Mplus Discussion >> Multilevel model testing

Topics
Last Day
Last 3 Days
Last Week
Tree View

Edit Profile


Multilevel model testing

Mplus Discussion > Multilevel Data/Complex Sample >

Message/Author

Joanna Harma posted on Thursday, October 25, 2007 - 9:28 am

Dear Linda,
I am doing two level logistic regression with children characteristics on lower level and family characteristics on upper level. I am trying to establish what determines the type of school child goes to. Dependent variable is binary and explanatory variables are mix of categorical and continuous.
Is there any way of testing my model fitness?
How can I obtain residuals, y-yhat?
Can you suggest any possbile graphs for such analysis to test model fitness?
Regards
Joanna

Joanna Harma posted on Friday, October 26, 2007 - 6:17 am

Hello,
Can anyone explain the significance of factor score (Empirical Bayes residuals) obtained during multilevel logistic regression and how it can be used to estimate predicted probabilities?
Thanks

Bengt O. Muthen posted on Friday, October 26, 2007 - 10:08 am

The factor score is an estimate of the random intercept for each cluster. To estimate the overall probability you need numerical integration over the random intercept distribution. To estimate a probability at a certain value of the random intercept distribution, such as the estimated value for a certain cluster, you simply translate the resulting logit into probability by the usual formula

Prob = 1/(1+exp(-Logit))

where the Logit contains the factor score estimate of the cluster random intercept plus the usual level 1 part of the Logit (including the intercept/threshold).

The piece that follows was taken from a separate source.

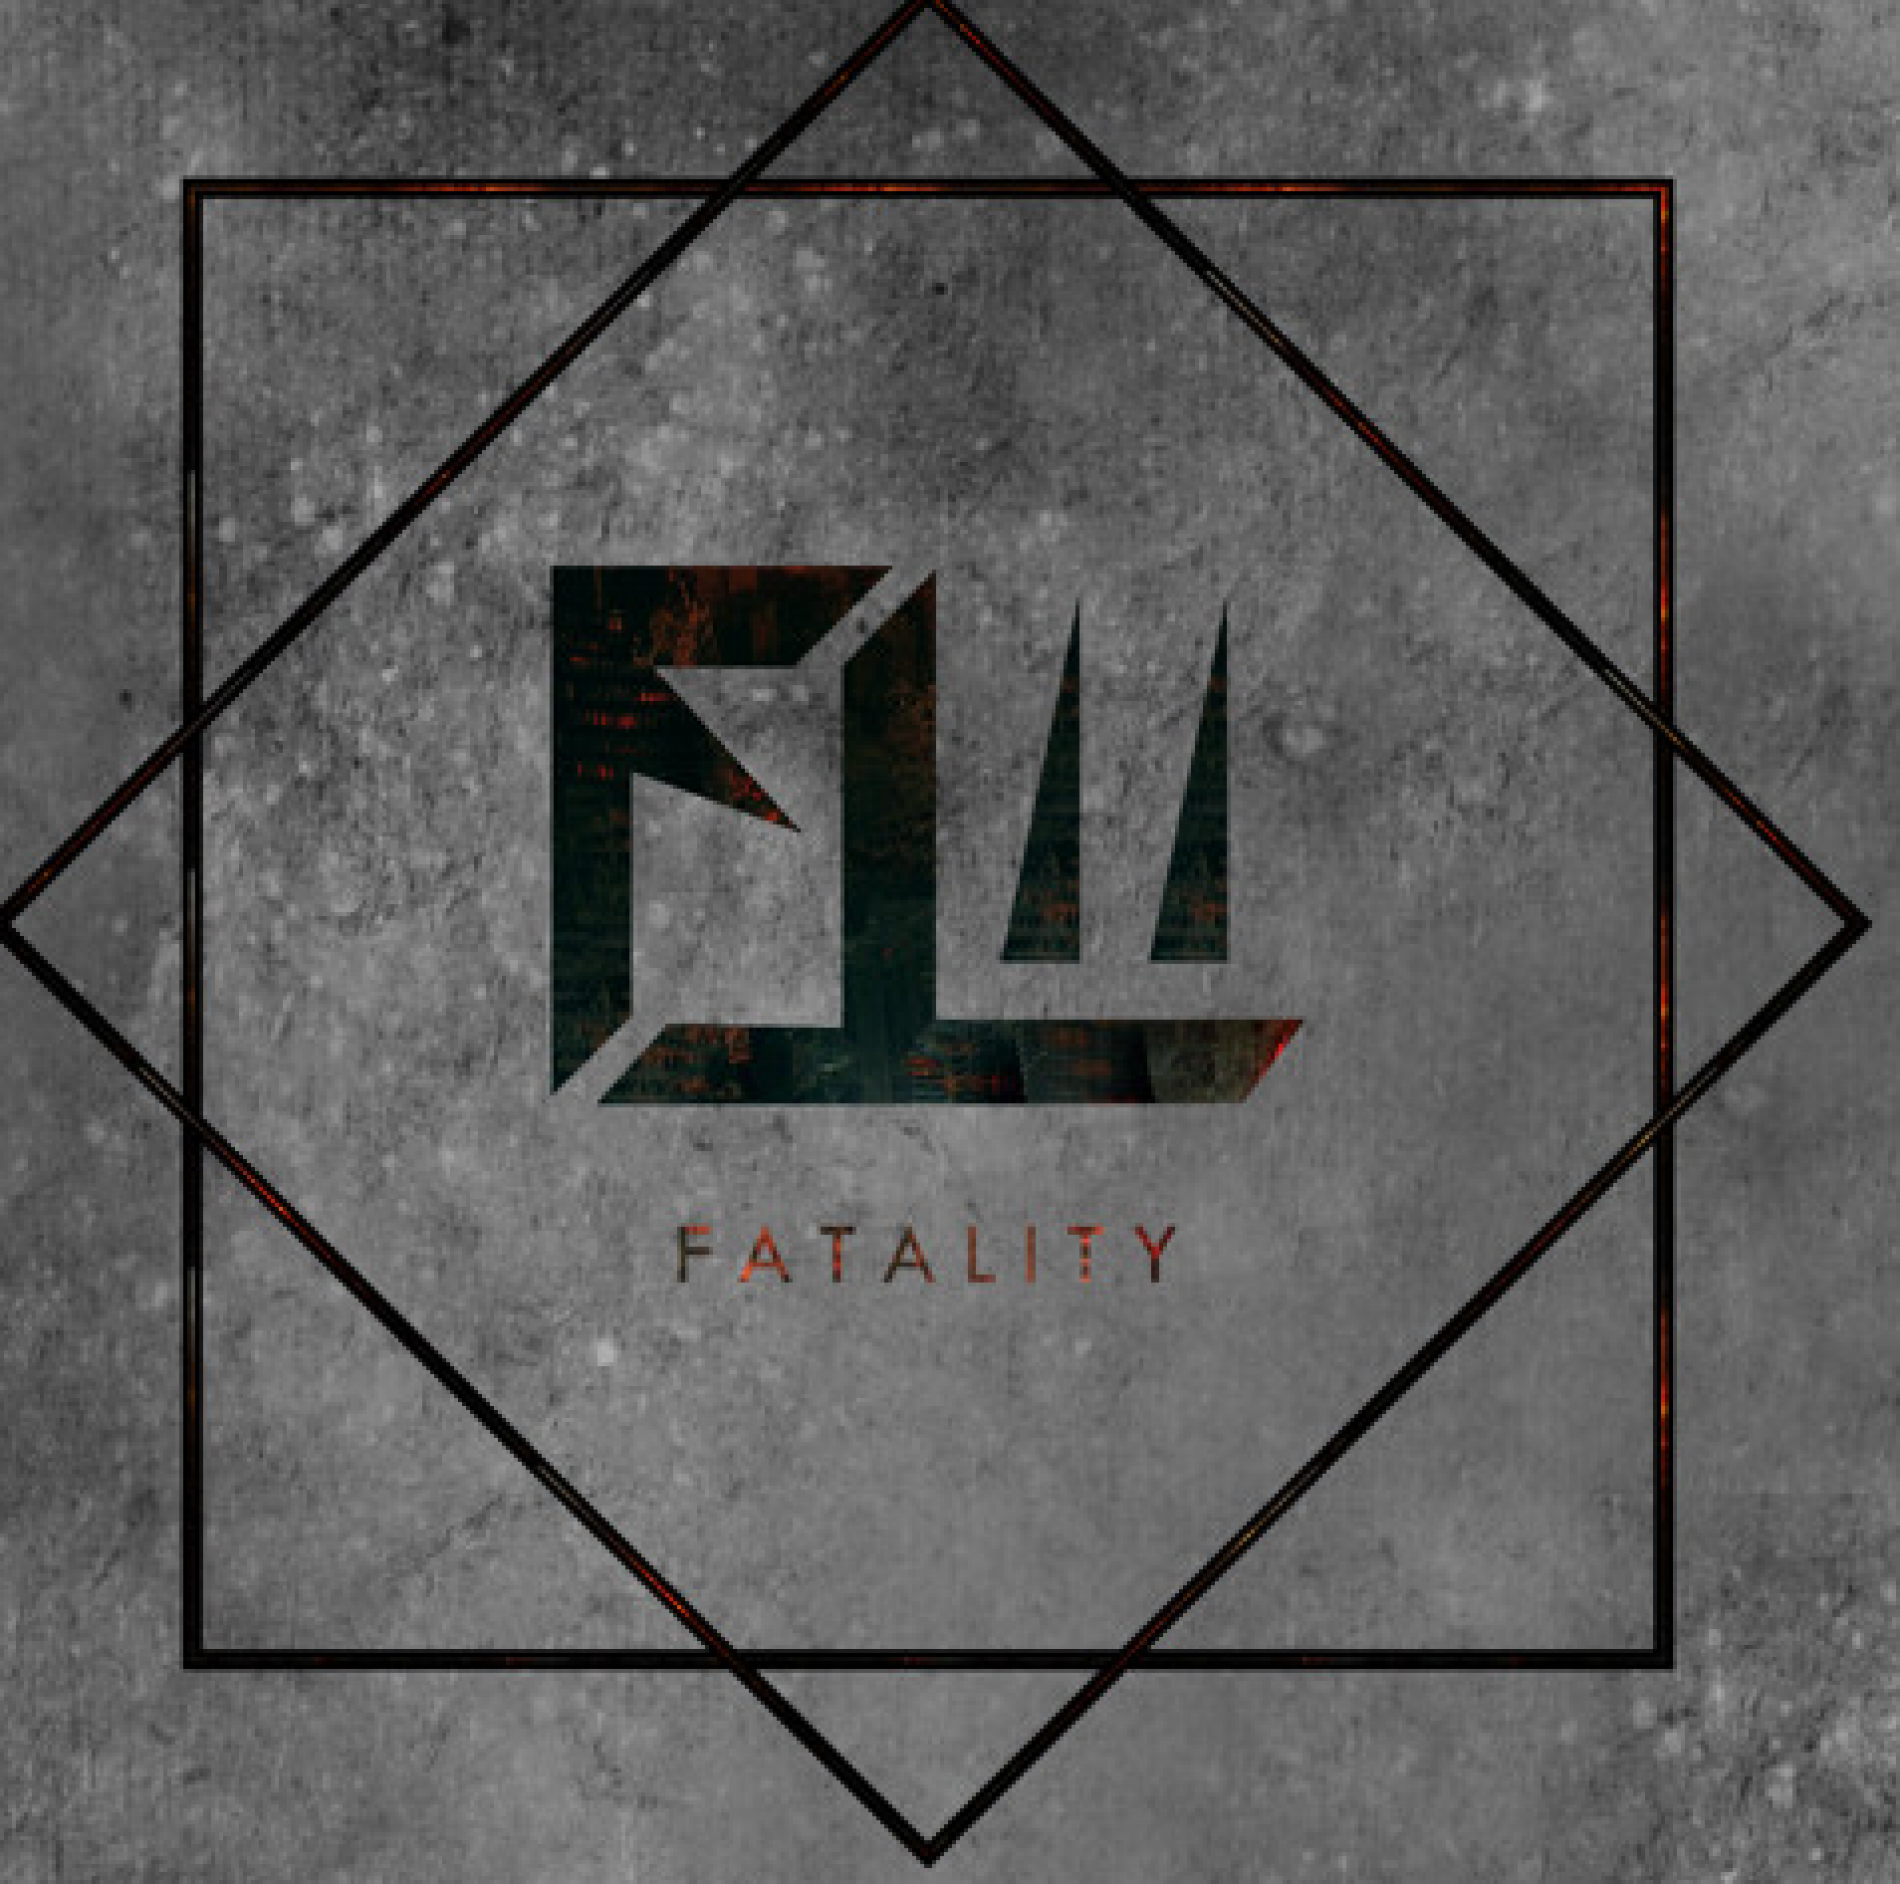 Fatal – Fatality

Joanna Harma posted on Monday, October 29, 2007 - 7:56 am

I estimated probabilites for level 1 observations using level 2 residuals (factor scores) added to usual level one equation. However when I did normality test for residuals, it plotted long tailed curve. Any suggestions how to deal with it when most of my variables are categorical.
Also the output files gives R-square for level 1 & 2 when standardized option is used in the output. Can this be used reliably for model fitness?
Thanks
Joanna

Bengt O. Muthen posted on Tuesday, October 30, 2007 - 8:02 am

I think you are saying that the random intercept in the 2-level logistic regression has an estimated distribution that looks non-normal with long tails. In the forthcoming Chapman-Hall chapter by Muthen & Asparouhov on our web site the end of the paper discusses the sensitivity to violations of normality for random effects and how one can instead use a non-parametric approach to estimating the random effect distribution. This is in the related case of growth modeling with binary outcomes using a logistic link. The sensitivity to the normality assumption of random effects has also been studied by Charles McCulloch at UC San Francisco as indicated by his recent talk here in LA.

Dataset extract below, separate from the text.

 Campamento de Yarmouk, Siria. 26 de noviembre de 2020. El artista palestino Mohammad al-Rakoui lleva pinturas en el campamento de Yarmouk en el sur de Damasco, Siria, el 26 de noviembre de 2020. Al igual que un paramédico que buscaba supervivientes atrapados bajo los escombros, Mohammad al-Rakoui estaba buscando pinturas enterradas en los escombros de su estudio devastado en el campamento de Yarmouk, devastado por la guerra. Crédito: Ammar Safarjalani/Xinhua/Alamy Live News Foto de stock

Bengt O. Muthen posted on Tuesday, October 30, 2007 - 8:06 am

P.S. I don't think R-square is useful for indicating model fit with logistic regression.

Joanna Harma posted on Tuesday, October 30, 2007 - 8:34 am

Thanks
I started modelling with adding level 2 variables as I am more interested in the effect of family characteristics, on the school type child goes to, while controlling the effect of child level variables. I added child level variable after I had added all the relevant family variables. It was surprising to see that the residual variance (level 2) shot up from 10 to 34 and few of level 2 variables became insignificant. Is this normal? Also, most of my level two variables have high S.E. and t-value around 2.5.
My data has 250 families and these families have 475 children. Thus the size of cluster is not very big. Do you think I could do logistic regression with this kind of data?
Thanks

Bengt O. Muthen posted on Wednesday, October 31, 2007 - 8:32 am

I think this residual variance behavior has been described in the multilevel literature - see for instance the Snijders & Bosker book. - Any lit. suggestions from other Mplus Discussion readers?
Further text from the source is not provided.